Cell Companies in the Shipping and Aviation Industries

By virtue of Legal Notice 248 of 2020 the Minister for Economy, Investment and Small Businesses introduced the Companies Act (Shipping and Aviation Cell Companies) Regulations (the “Regulations”) with the aim of regulating cell companies carrying on or engaged in the shipping or aviation business. The enactment of the Regulations was made possible by means of the Companies Act (the “Act”), which power was inferred onto the Minister by virtue of Act V of 2020.

In accordance with Article 84E(b) of the Act, “shipping or aviation business” consists of:

  • The ownership, operation under charter, lease, or otherwise, administration and management of a ship, aircraft, or aircraft engine, and the carrying on of all ancillary financial, security, commercial and other activities in connection therewith; or
  • The activities of a parent company and/or the company which holds shares or other equity interests in any undertaking established solely or mainly to carry out any one or more of the aforementioned, and carrying on of all ancillary financial, security, commercial and other activities in connection therewith; or
  • The raising of capital through loans, the issue of guarantees, or the issue of securities by an undertaking, when the purpose of such activity is to achieve the objects or activities stated above for the undertaking itself or for any other undertaking within the same group; or
  • The carrying on of any other objects or activities within the maritime or aviation sector as the Minister may prescribed from time to time.

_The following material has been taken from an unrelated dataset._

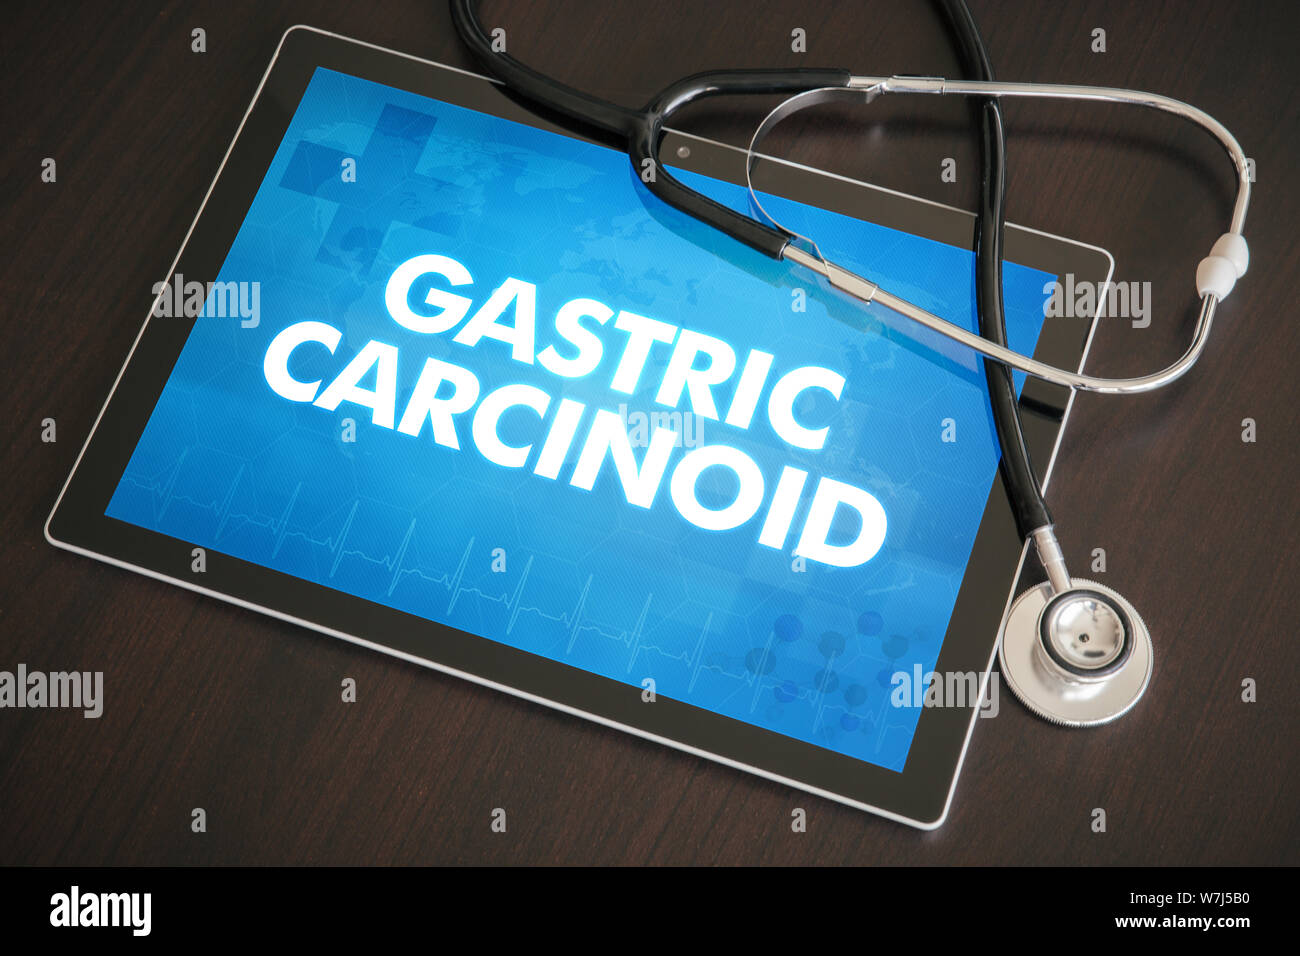 Gastric carcinoid (cancer type) diagnosis medical concept on tablet screen with stethoscope. Stock Photo

Where a cell company is formed or converted from an existing company, the cell company shall be distinguishable from other companies by the inclusion of “Mobile Assets Protected Cell Company”, or “MAPCC” in the company’s registered name. Moreover, each cell of a cell company shall be easily identifiable by having a distinct name or designation.

When forming a cell company, the cell companies, together with its Memorandum and Articles of Association shall be registered with the Malta Business Registry (the “MBR”) against a fee prescribed by law. In the event of a conversion of a pre-existing company to a cell company, a copy of the resolution amending the memorandum and articles of association together with the amended version of such must be delivered to the MBR. Notably, once the cell company is registered, the company shall be considered as a single legal person which enables the cell company to segregate and protect its cellular assets. However, any cells created by the cell company shall not constitute a separate and distinct person from the company.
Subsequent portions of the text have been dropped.